How an AI agent can convert competitor assortment research into a merchandising brief with gaps, patterns, and recommended tests
This workflow gives an AI agent a defined job, a bounded set of records, and a result a person can review. The agent reads the relevant Particl Market Research context, applies the rules in the prompt, and keeps the source behind every recommendation. It returns a proposed handoff rather than taking consequential actions on its own.
Can an AI agent convert competitor assortment research into a merchandising brief with gaps, patterns, and recommended tests?
Yes. Start with the scope, date range, decision rules, and fields that identify the right records. The agent can collect the evidence, compare states or sources, mark conflicts and missing data, and organize the result around the outcome above. A reviewer then checks the matches and judgment calls before approving messages, record updates, bookings, purchases, publishing, or other write actions. The guide below shows the records, boundaries, prompt, and handoff needed for this specific workflow.
What this agent helps you do
A Particl competitor assortment agent helps merchants understand how competitors structure products, categories, pricing, and positioning. It prepares observations that can inform merchandising choices without pretending market data is a complete strategy.
When to use this workflow
Use it before assortment expansion, seasonal planning, pricing research, category reviews, or competitive merchandising updates.
How Particl gives the agent context
Connect Particl and define the competitors, category, product type, market, and questions. Ask the agent to separate observed signals from recommendations and state confidence.
Example starter prompt
Research competitor assortment for this ecommerce category with Particl. Summarize product patterns, pricing or positioning signals, gaps, risks, and recommended tests for our merchandising team.
Suggested workflow steps
The agent gathers competitor context, groups assortment patterns, identifies gaps, and ranks tests by confidence and effort.

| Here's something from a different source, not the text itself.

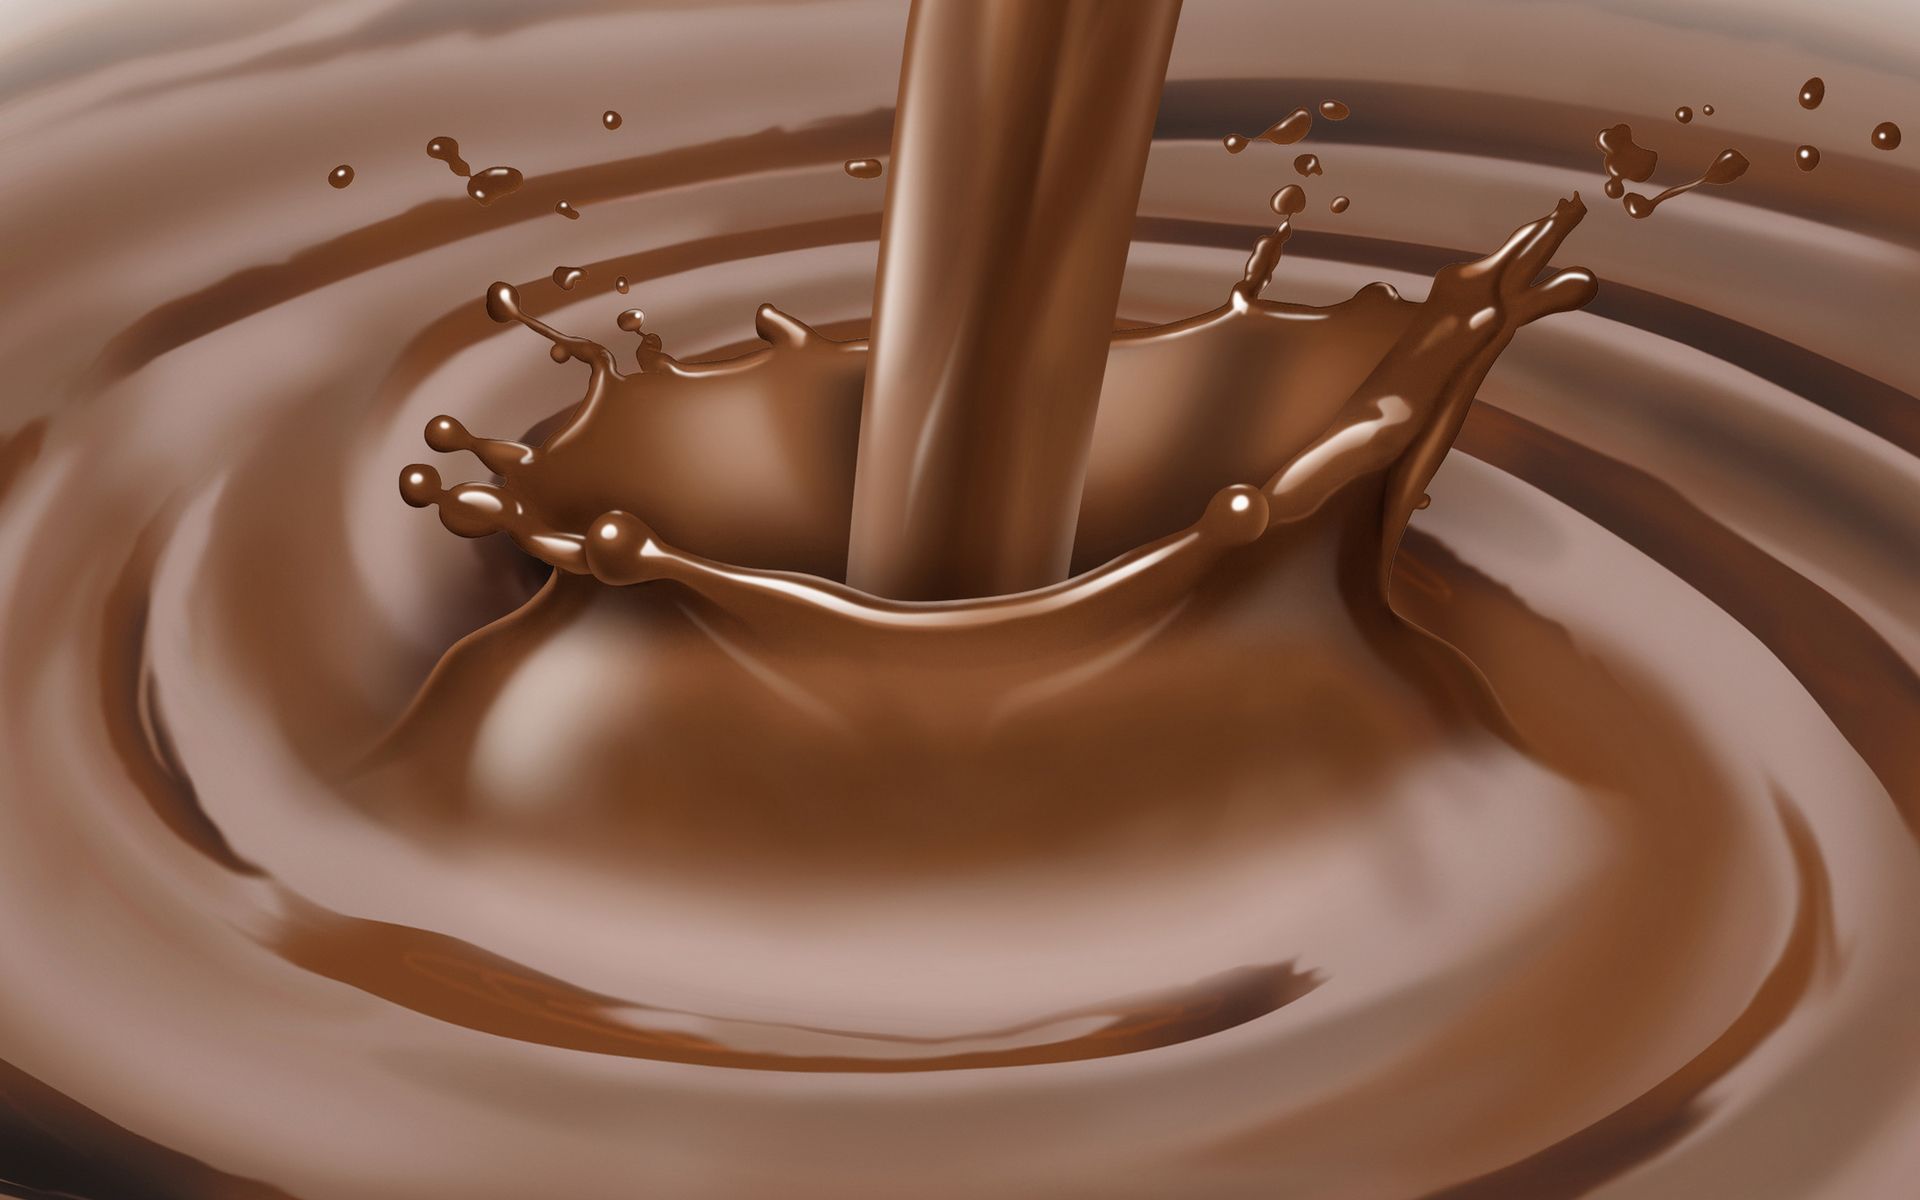 Download wallpaper: liquid, hot Chocolate, hot chocolate, download photo, wallpaper for desktop

Record the Particl observation date, market, retailer, product URL or identifier, category, variant, displayed price, and availability context. Normalize pack size and currency before comparing price positions.
A missing product in the observed set is not proof of a deliberate assortment gap. Keep crawl or coverage limits beside every opportunity and ask the merchandising owner to validate the proposed category boundary.
Expected handoff
The output should include competitor notes, pattern summary, opportunity list, assumptions, and next actions. It can become a merchandising plan or experiment backlog.
Questions this workflow answers
Can an agent compare competitor assortments and show where product, price, bundle, or positioning gaps may deserve a merchandising test?
Yes. Give the agent the competitors, category, countries, dates, currencies, product attributes, and customer question in scope. Particl Market Research supplies observed ecommerce assortment and market context available through the plugin. The agent can normalize comparable products and describe patterns without treating every difference as an opportunity.
The comparison should preserve retailer, product, variant, price and currency, promotion, availability, category, bundle, claim, and observation date. Similar product names may hide different sizes or specifications. Out-of-stock items and temporary promotions need labels so they do not distort the baseline.
Ask the agent to distinguish observed pattern, hypothesis, and proposed test. A competitor offering a bundle does not prove customers want it or that the economics work for your store. The agent can identify underrepresented price points, recurring claims, assortment depth, or category adjacencies, then state what internal data or customer evidence would validate the idea.
The handoff includes a comparable assortment table, sources, patterns, exceptions, gaps, assumptions, and bounded experiments. A merchandising owner reviews brand fit, margin, inventory, legal claims, and customer evidence. The agent does not change a catalog or present competitor behavior as a strategy mandate. It turns market observation into questions the team can test.
Products need a shared comparison scheme before gaps mean anything. The agent can normalize pack size, unit count, price currency, sale status, variant, intended customer, and availability date while retaining the original listing. A missing low-price item may disappear once a competitor’s small pack is converted to unit price. A supposed bundle gap may be a naming difference. The output should show excluded and uncertain matches, then explain which pattern survives normalization. That gives the merchant a specific hypothesis, such as testing a starter pack for first-time buyers, rather than a generic instruction to add more products.